GeoVax is devoting all of its present efforts to research and development and is a development
stage enterprise as defined by Financial Accounting Standards Board (FASB) Accounting Standard
Codification (ASC) Topic 915, Development Stage Entities. The accompanying financial
statements at September 30, 2009 and for the three month and nine month periods ended September 30,
2009 and 2008 are unaudited, but include all adjustments, consisting of normal recurring entries,
which we believe to be necessary for a fair presentation of the dates and periods presented.
Interim results are not necessarily indicative of results for a full year. The financial statements
should be read in conjunction with our audited financial statements included in our Annual Report
on Form 10-K for the year ended December 31, 2008. Our operating results are expected to fluctuate
for the foreseeable future. Therefore, period-to-period comparisons should not be relied upon as
predictive of the results in future periods.
The Company disclosed in Note 2 to its financial statements included in the Form 10-K for the year
ended December 31, 2008 those accounting policies that it considers significant in determining its
results of operations and financial position. There have been no material changes to, or in the
application of, the accounting policies previously identified and described in the Form 10-K.
2. New Accounting Pronouncements
Recently Adopted Accounting Pronouncements
In June 2009, the FASB issued guidance now codified as ASC Topic 105, Generally Accepted
Accounting Principles, as the single source of authoritative nongovernmental U.S. generally
accepted accounting principles (GAAP). ASC Topic 105 does not change current U.S. GAAP, but is
intended to simplify user access to all authoritative GAAP by providing all authoritative
literature related to a particular topic in one place (the Codification). The Codification
became the source of authoritative GAAP recognized by the FASB to be applied by nongovernmental
entities. Rules and interpretive releases of the Securities and Exchange Commission (SEC) under
authority of federal securities laws are also sources of authoritative GAAP for SEC registrants.

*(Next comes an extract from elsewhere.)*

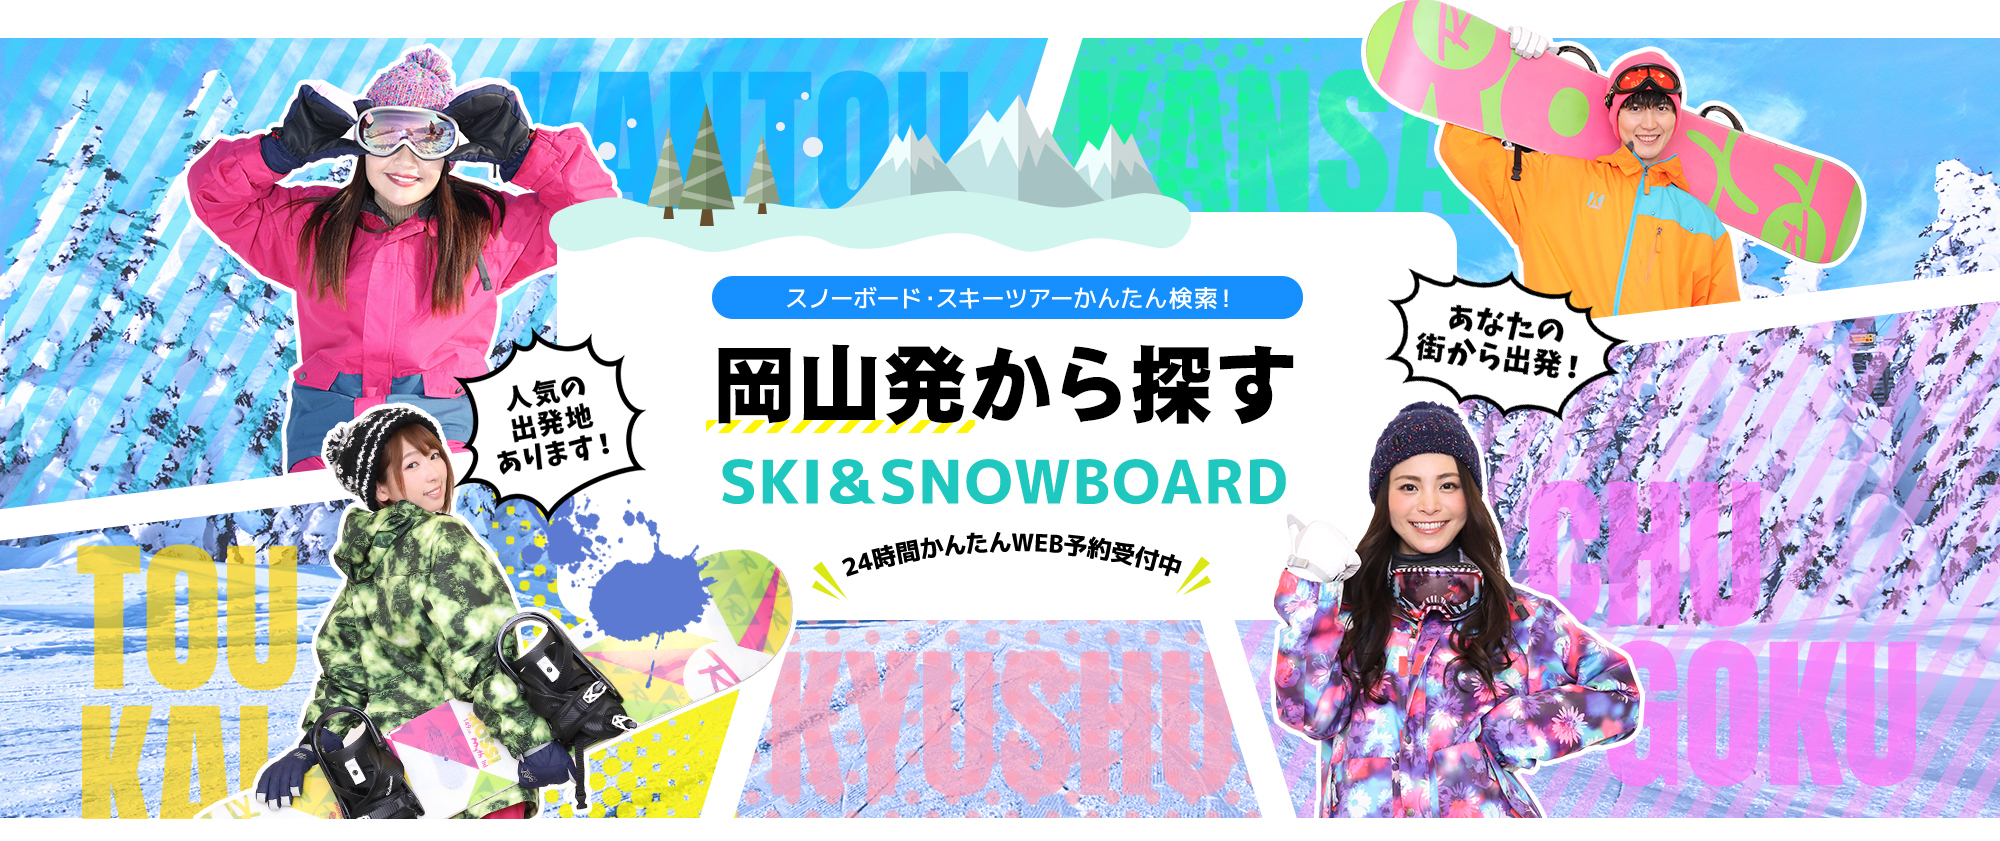 スノーボード・スキーツアーかんたん検索！ 岡山発から探す SKI&SNOWBOARD
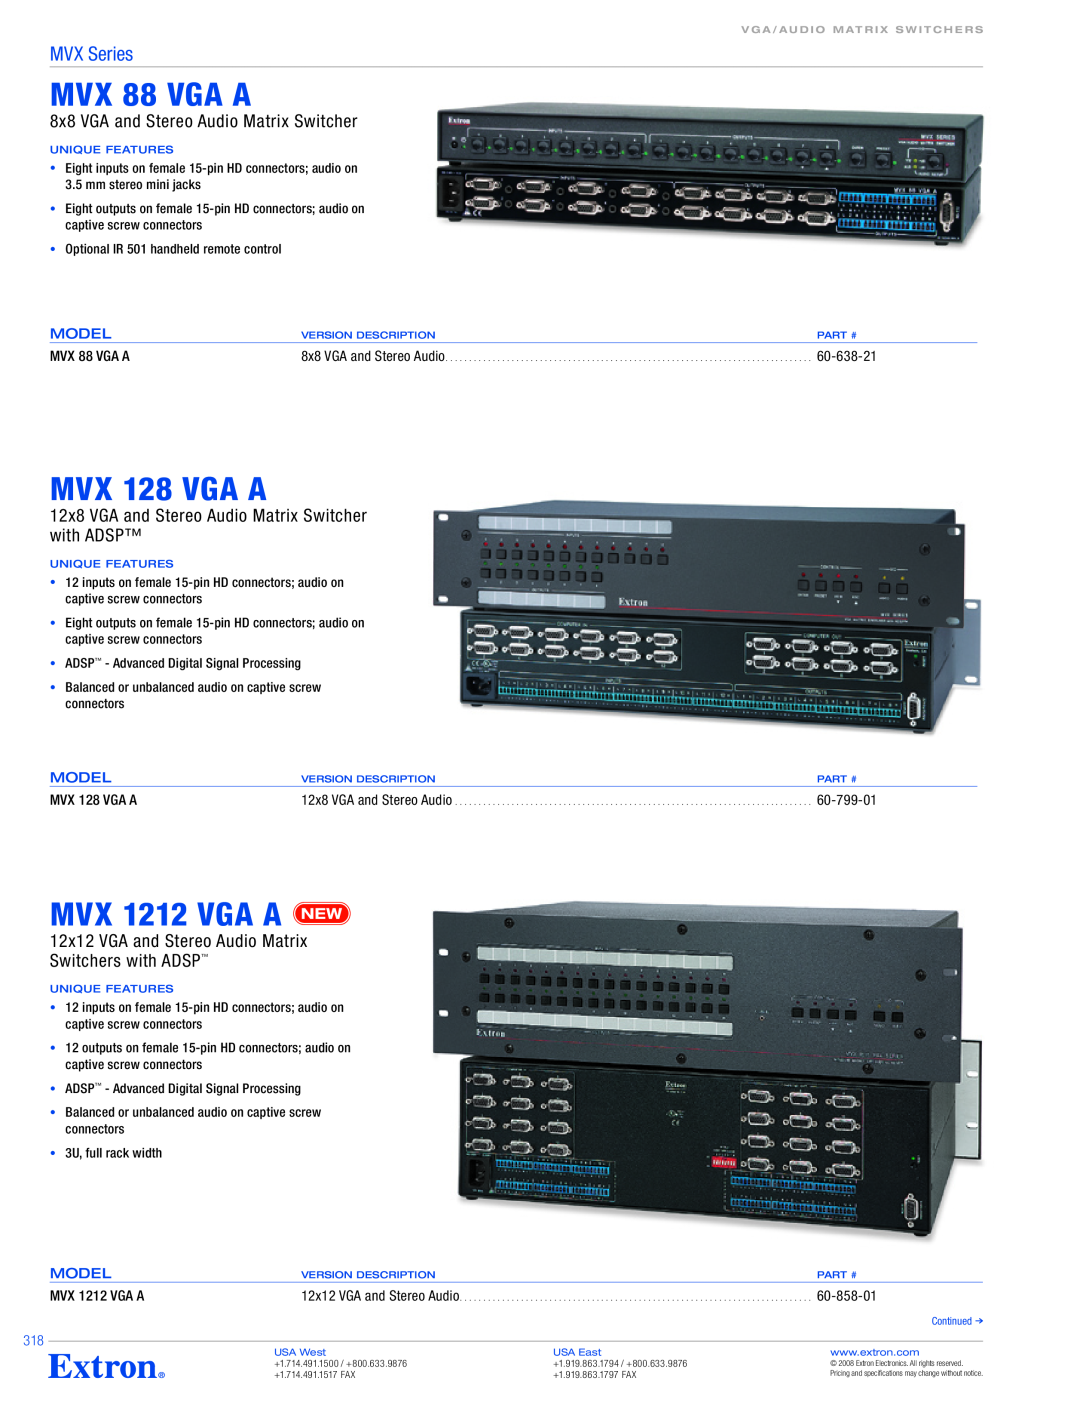 Extron electronic MVX 88 VGA A, MVX 128 VGA A, MVX 1212 VGA A, 8x8 VGA and Stereo Audio Matrix Switcher, 60-638-21

On the effective date of ASC Topic 105, the Codification superseded all then-existing non-SEC
accounting and reporting standards. All other non-grandfathered non-SEC accounting literature not
included in the Codification became non-authoritative. The provisions of ASC Topic 105 are
effective for interim and annual periods ending after September 15, 2009 and, accordingly, are
effective for the Company for the current fiscal reporting period. The adoption of ASC Topic 105
did not have an impact on our results of operations, financial position, or cash flows, but will
impact our financial reporting process by eliminating all references to pre-codification standards.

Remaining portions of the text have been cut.